公子的腿没有知觉的呀,而且平日不让人碰的,三殿下是不是疯了,居然跪着给臣子擦腿。
寝宫内。
光线很暗。
四处没有什么值得一提的陈设,连卧榻上的棉絮都是受潮发了霉的,木柜受了虫蛀,已经腐朽不堪了。
文卿按住公仪戾的手,掰开他的手指,将那条破了好几个洞的巾帕扔进盆里,微微俯身,有些吃力地将他抱起。
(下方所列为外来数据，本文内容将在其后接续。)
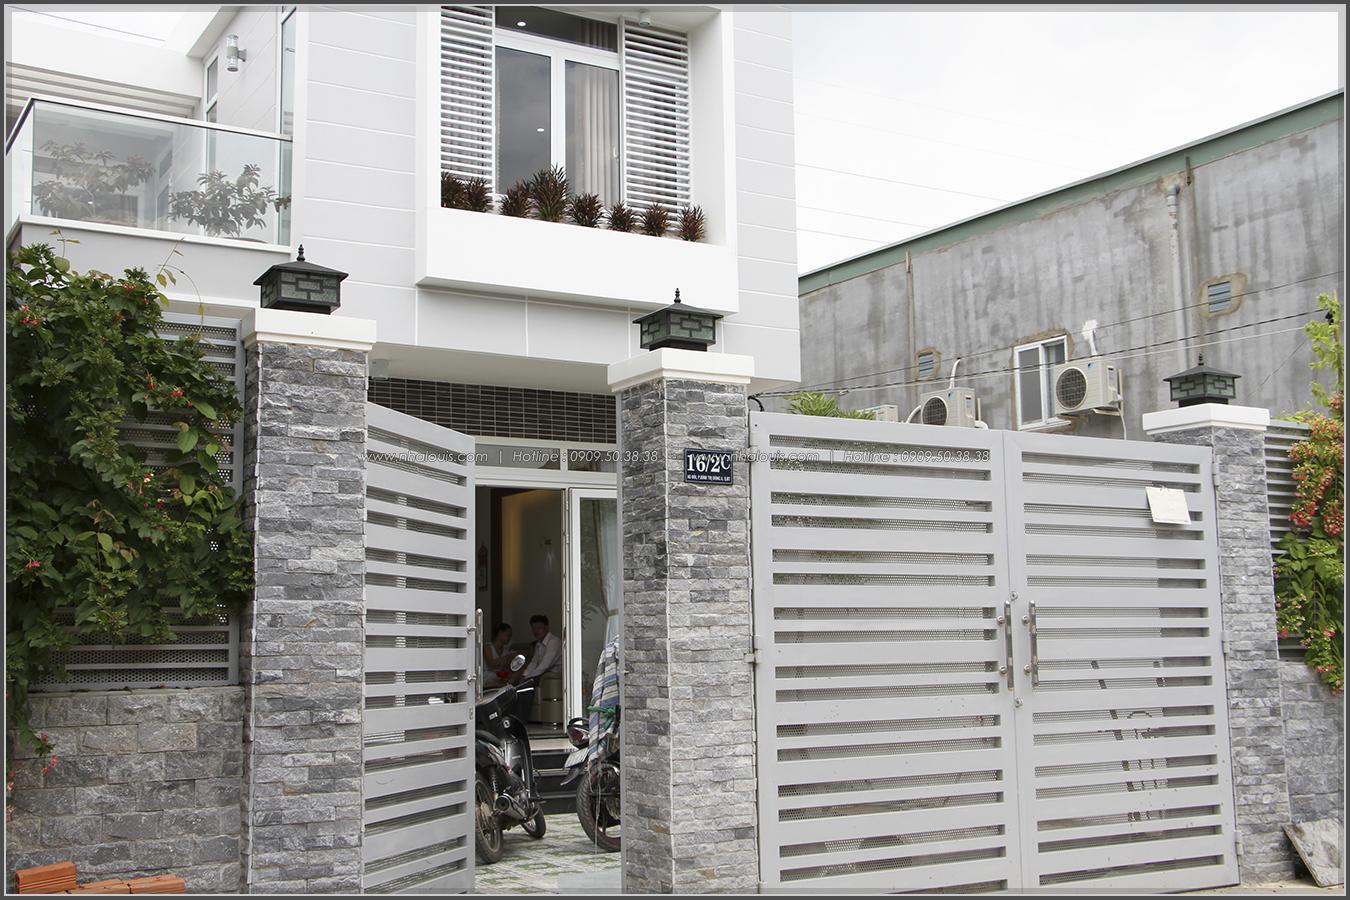 Thi công xây dựng nhà phố 1 trệt 1 lầu quận Bình Tân - 04

他身上一片冷意,怀里没有一丝温暖,可公仪戾却只是咬着牙,靠在他肩上艰声哭着,哭声被利齿磨碎吞进肚子里,单薄的胸口剧烈地起伏着,浑身抖得厉害。
“阿昭……”
“别怕。”
文卿轻轻拍着他的背,拂开湿漉漉的长发,把年幼的皇子抱得很紧。
“我会保护你。”
公仪戾没有回应他,只是哭,哭得肝肠寸断。
他曾经那么想要得到的东西,无论是先生的怀抱,还是先生叫他的乳名,如今都得到了,可是他一点都不开心。
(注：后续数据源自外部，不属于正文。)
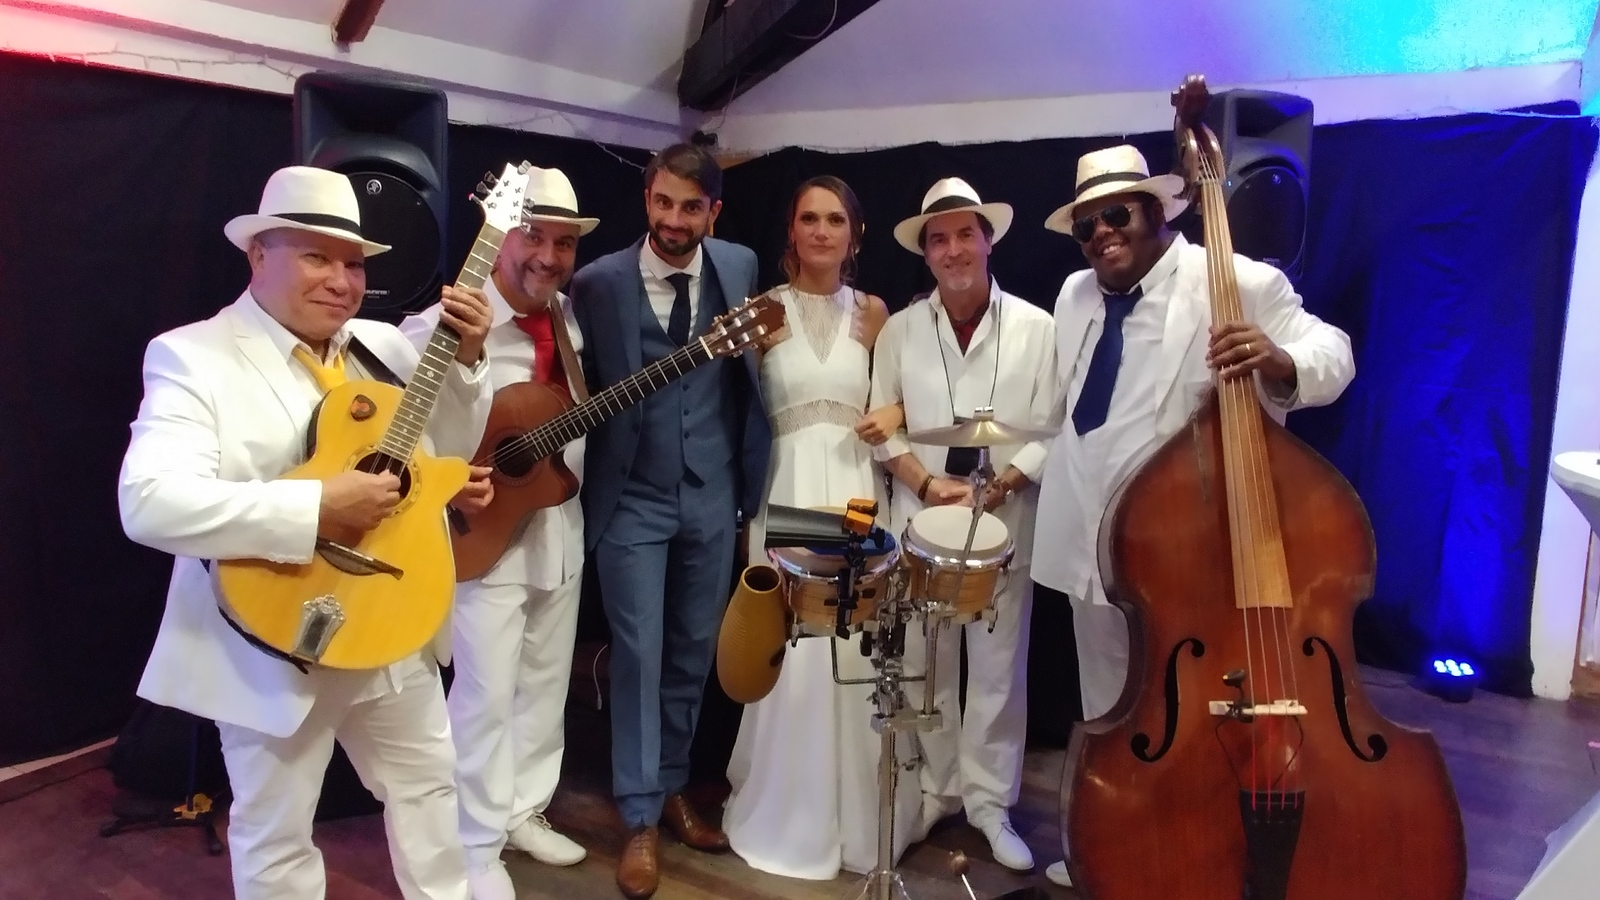 Orchestre salsa mariage musique latine Paris

如果他能够再强大一点,娘亲就不会猝病无医,先生就不会跟着他跪在雪地里。
为何他偏偏这般弱小?
……
“英嫔娘娘乃是得了咯血病,此病潜伏期长,一旦发作,若是没有太医在身边恐怕性命危矣。”
公仪戾目光怔忪,无端退了两步,难以接受昨日还好好的娘亲,今日就得了这么重的病。
“若是有郎中时刻跟在身边医治呢?”
文卿扶住公仪戾的肩,沉声道。
“不好说,即便有郎中跟着,也要日日服药,以免病情加深。”
“那钟太医便暂且留在这里,为英嫔娘娘诊治,如何?”
文卿取下腰际的双环云纹玉佩,“我会向陛下请示的。”
眼前人是如今朝堂新秀,前不久三元及第的新科状元,以后说不定还是科举考官,钟太医亦有子孙潜心求学,并不想把人得罪。
“多谢文大人,下官尽力而为。”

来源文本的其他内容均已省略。